→ HOW TO COMPLETE THIS TASK:
With the pictures left out, retype exactly the lines below starting at the line that contains "lo que pensábamos." and ending at the line that contains "Cuéntanos, ¿qué huacas".

→ DATA RECORDS:

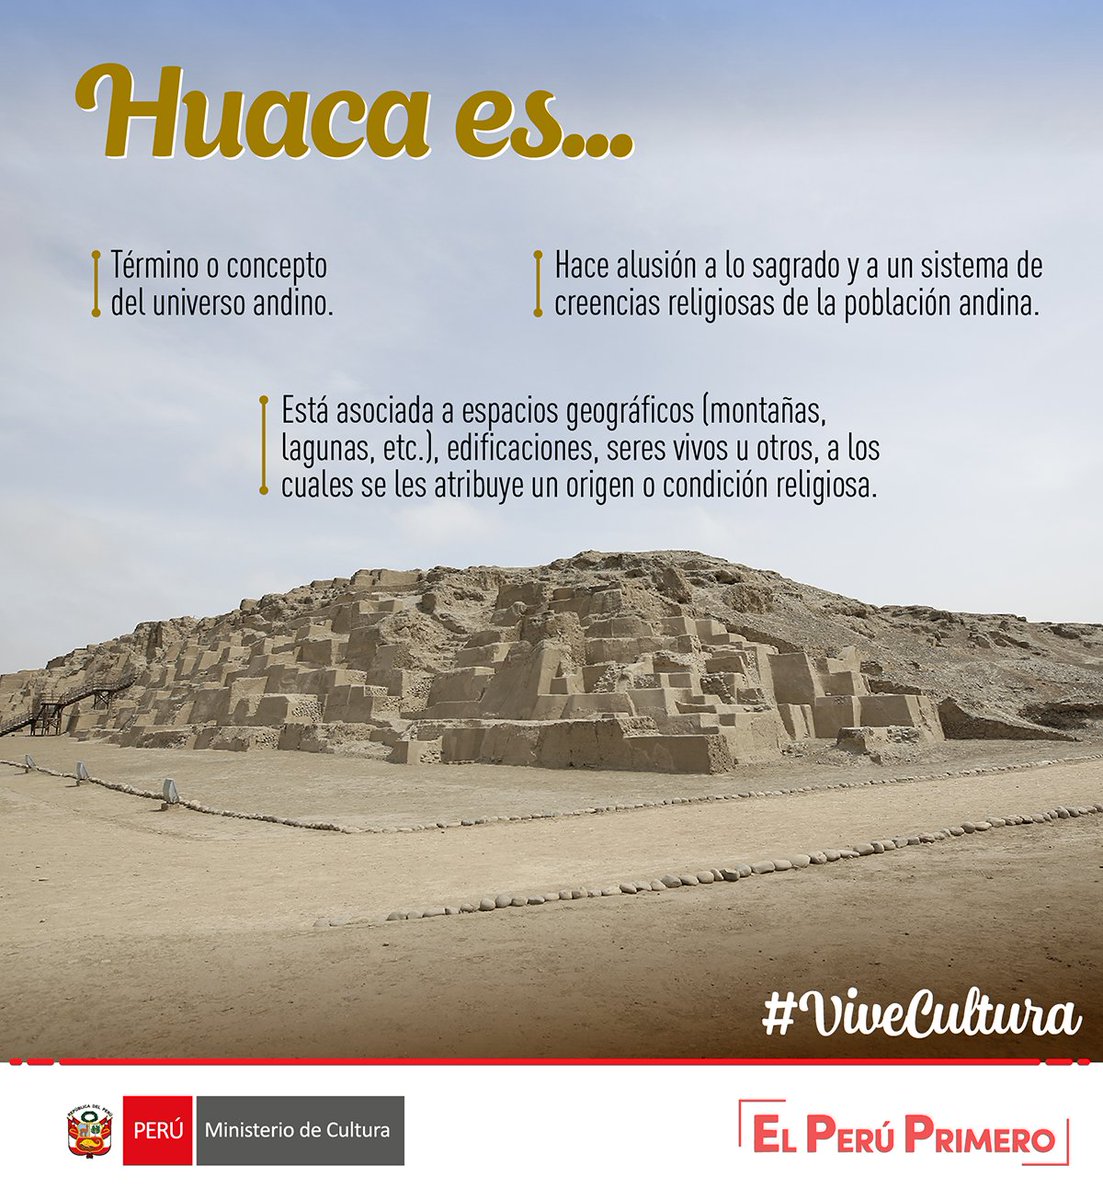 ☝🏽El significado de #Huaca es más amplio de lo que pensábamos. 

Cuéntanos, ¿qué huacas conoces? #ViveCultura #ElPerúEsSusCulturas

==

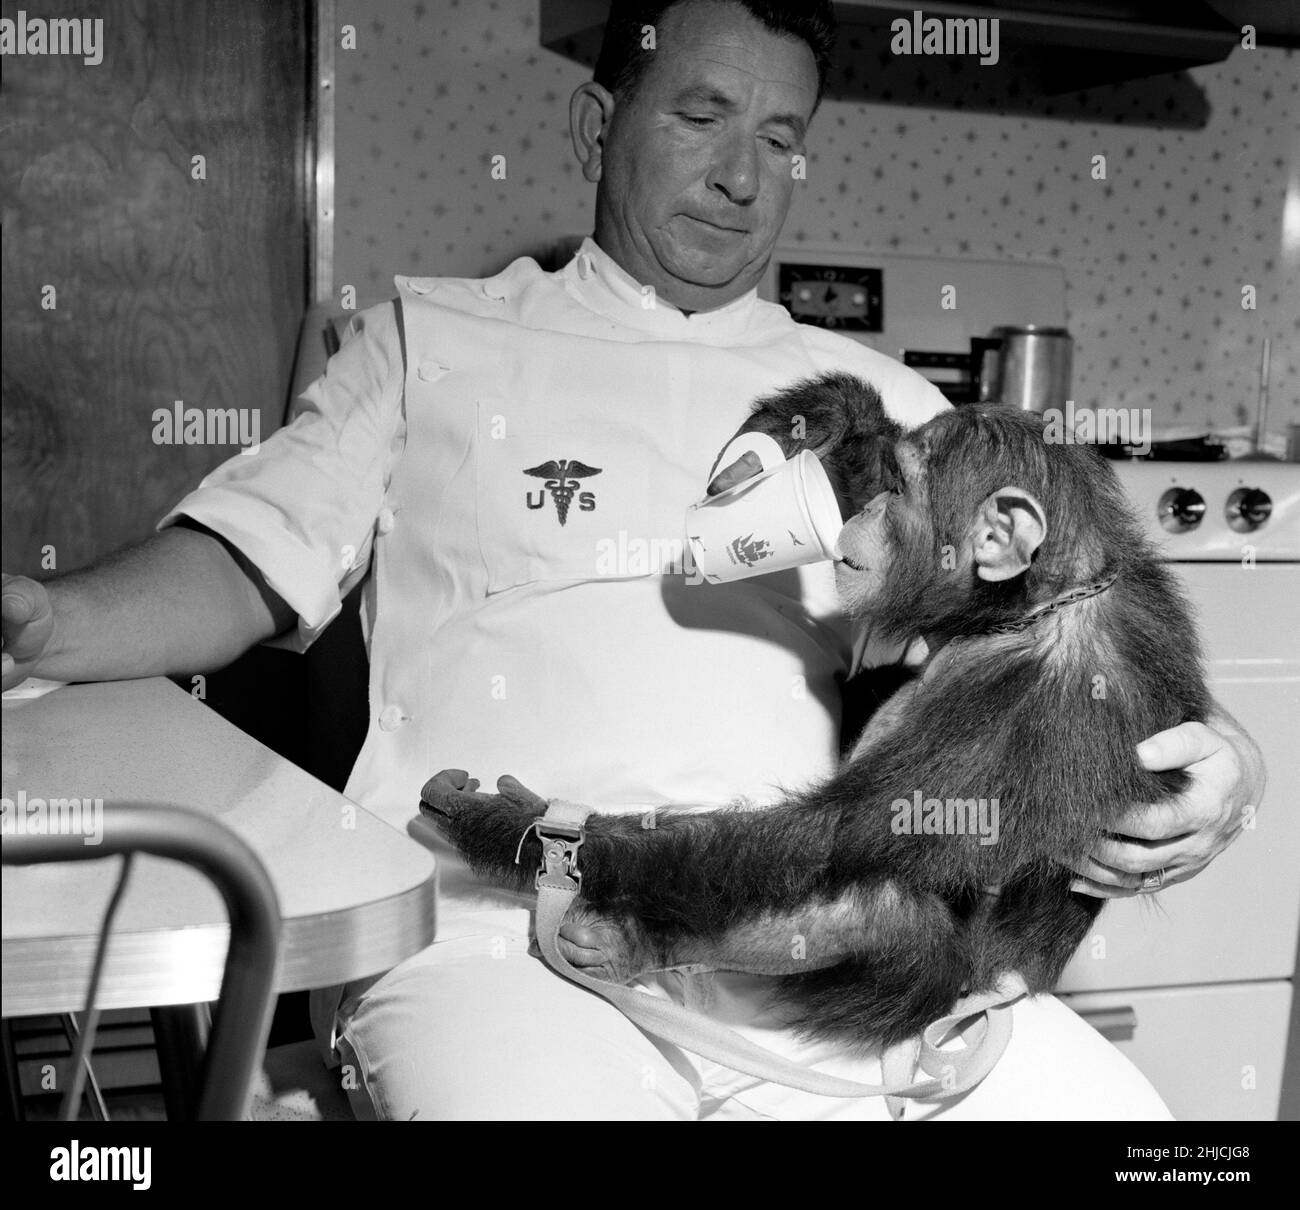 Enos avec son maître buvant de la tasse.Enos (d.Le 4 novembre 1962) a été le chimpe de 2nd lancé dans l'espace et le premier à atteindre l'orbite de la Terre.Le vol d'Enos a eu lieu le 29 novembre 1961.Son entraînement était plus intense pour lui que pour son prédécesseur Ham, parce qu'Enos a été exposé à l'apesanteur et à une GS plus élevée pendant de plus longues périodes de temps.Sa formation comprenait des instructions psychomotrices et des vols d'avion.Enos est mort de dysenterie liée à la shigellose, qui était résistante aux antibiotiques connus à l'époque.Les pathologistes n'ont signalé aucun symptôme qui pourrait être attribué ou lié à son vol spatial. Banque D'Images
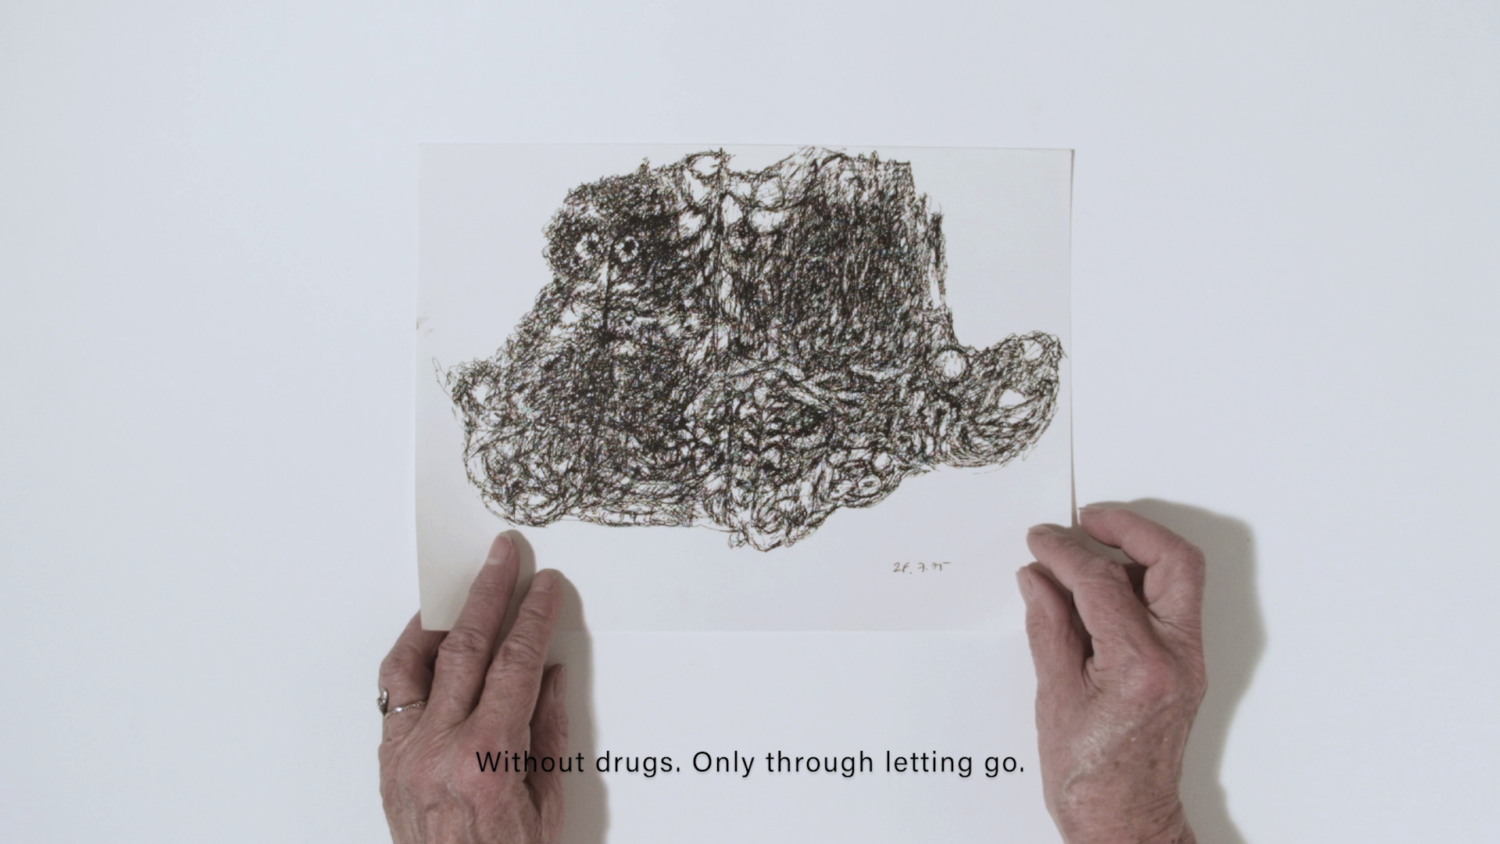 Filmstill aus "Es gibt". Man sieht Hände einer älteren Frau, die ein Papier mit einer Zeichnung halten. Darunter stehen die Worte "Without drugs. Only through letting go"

→ ANSWER SPACE:
 ☝🏽El significado de #Huaca es más amplio de lo que pensábamos. 

Cuéntanos, ¿qué huacas conoces? #ViveCultura #ElPerúEsSusCulturas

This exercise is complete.